Ashley Locke is a brilliant reporter and producer for NPR and WBUR’s Here and Now based out of Central Mass., where her husband Chris heads up the brewing team at Start Line Brewing. (Chris is my former classmate from Emerson.) Our interview hinges on the impact of Ashley’s “chosen mom,” Judy, on her own initiations — growing into a skillful storyteller, experiencing early pregnancy loss, and becoming a mother to son Otis, who just turned one.
We also discuss what it means to determine the right timing and ethics of telling our initiation stories, and those of other women and marginalized people — important considerations for all storytellers. As she says, “The power that I feel, I want other women to feel. I want them to feel that their stories matter.” As do I.

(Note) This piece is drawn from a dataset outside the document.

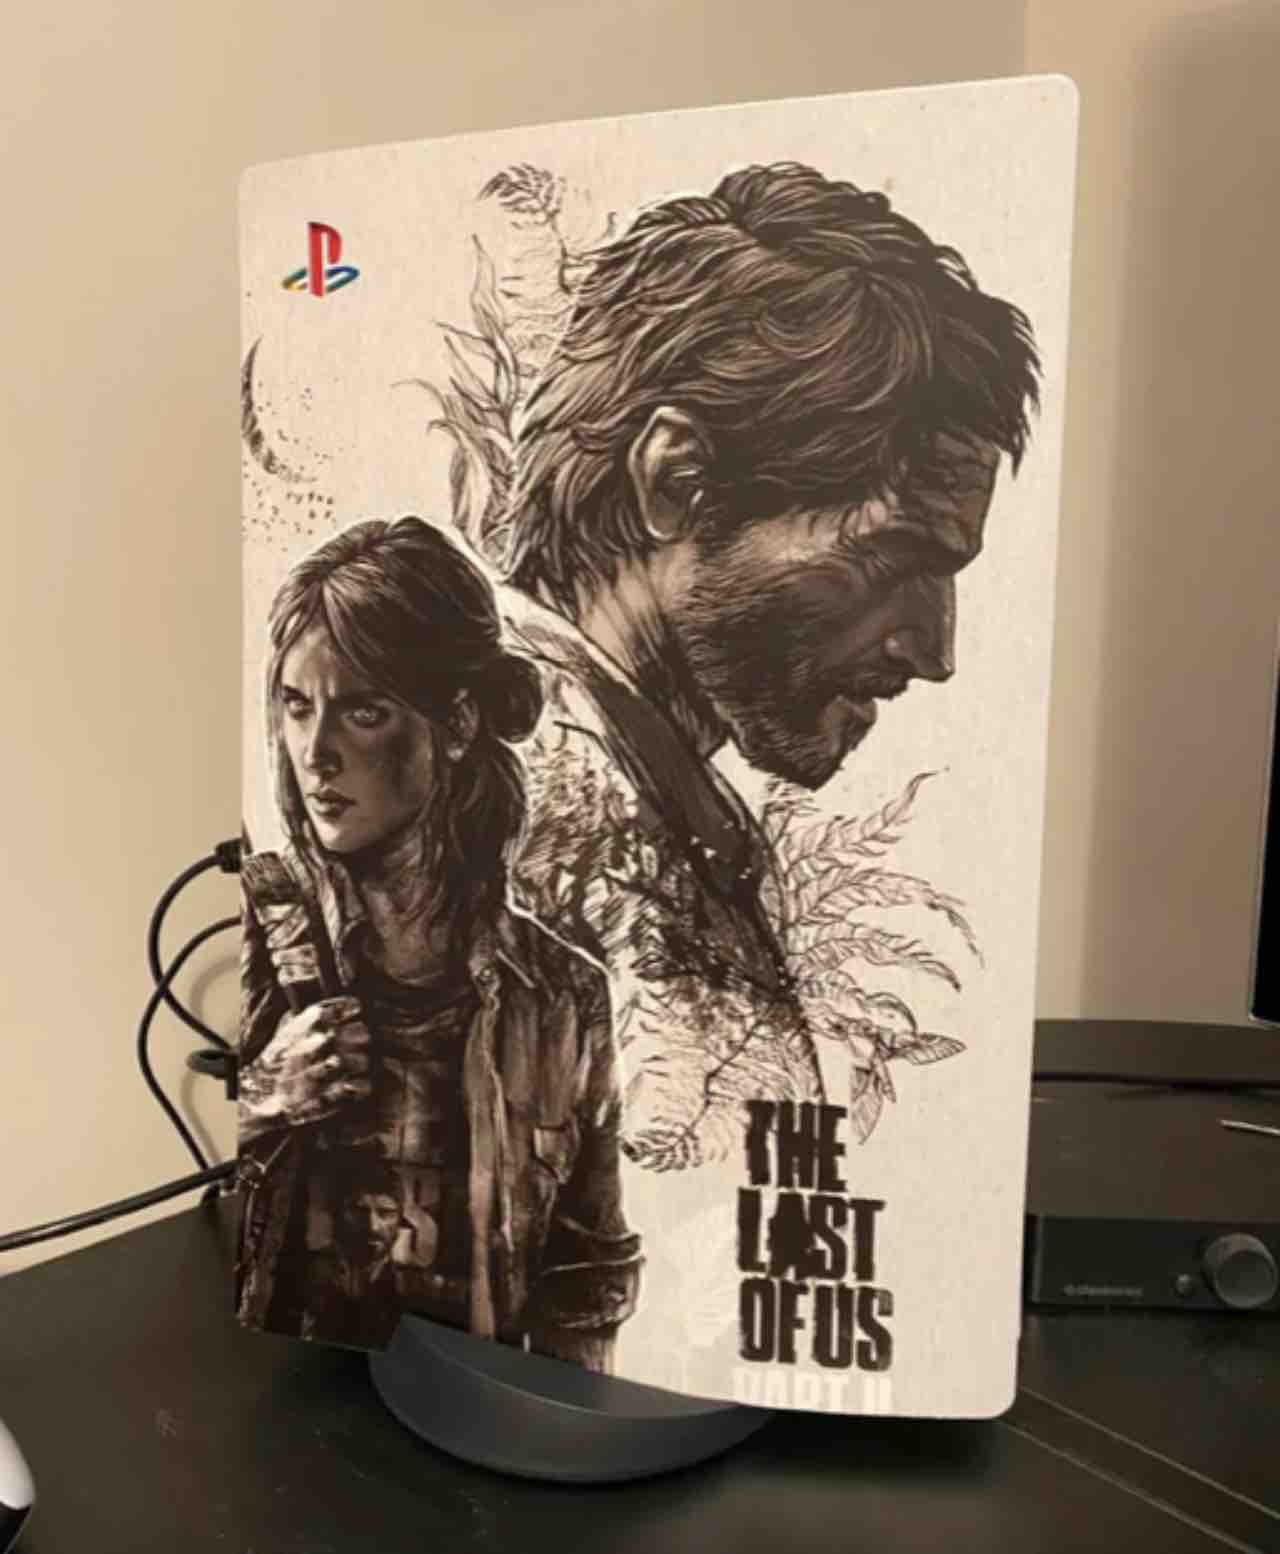 ps5 the last of us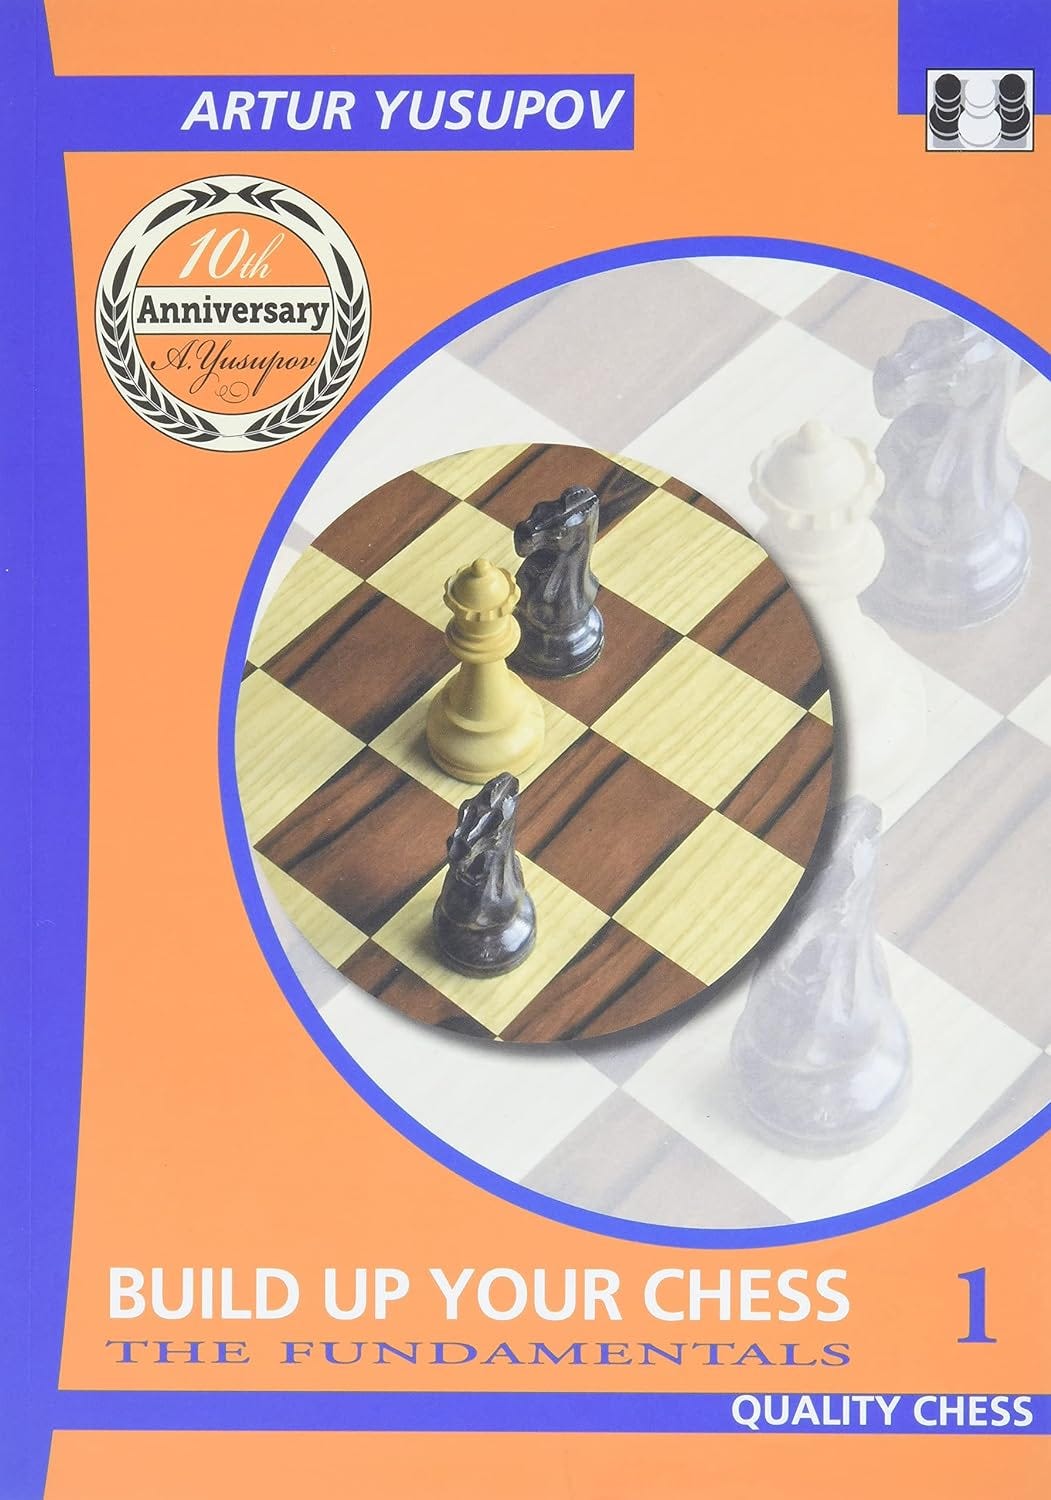 Do You Google Your Chess Knowledge? - by Martin B. Justesen

So let’s get into it! I can’t wait to hear what y’all think of this post format. Let us know in the comments below!
Ryan: Firstly, how do you define “initiation”?
Ashley: I have thought about this idea of initiation several times in my life, but didn’t have the word to name it. I feel like I’ve already lived several lives. There was life with my birth mom — then leaving her at 14 to live with dad and Judy, his partner at the time and my chosen mom. There was leaving Arcata, CA, a town of less than ten thousand, to go to LA, a city of more than 10 million — then leaving LA for Boston, and landing at WBUR. There was going through an early stage miscarriage — very different from your journey, but it felt like such a tidal wave to go through again, after losing Judy just before our wedding. And now, I’m in the initiation of becoming Otis’ mom.
I’m realizing that a lot of our initiations are about loss. How what we lose or leave behind changes us. I’m glad we can figure out how to reclaim some of the pain as a sign of growth and strength.
This matters to me personally and professionally. As a reporter and producer, I interview people pretty much every day that have been through trauma. For example, I was working on a story about refugees from Afghanistan after the fall of Kabul. And we were eager to hear from someone who got on a plane, like, yesterday. But I talked to this refugee organization and they said, “We wait at least a few months before we even tell refugees about media opportunities, because we want them to speak from a place of strength, and people are in shock when they leave their country with a suitcase.”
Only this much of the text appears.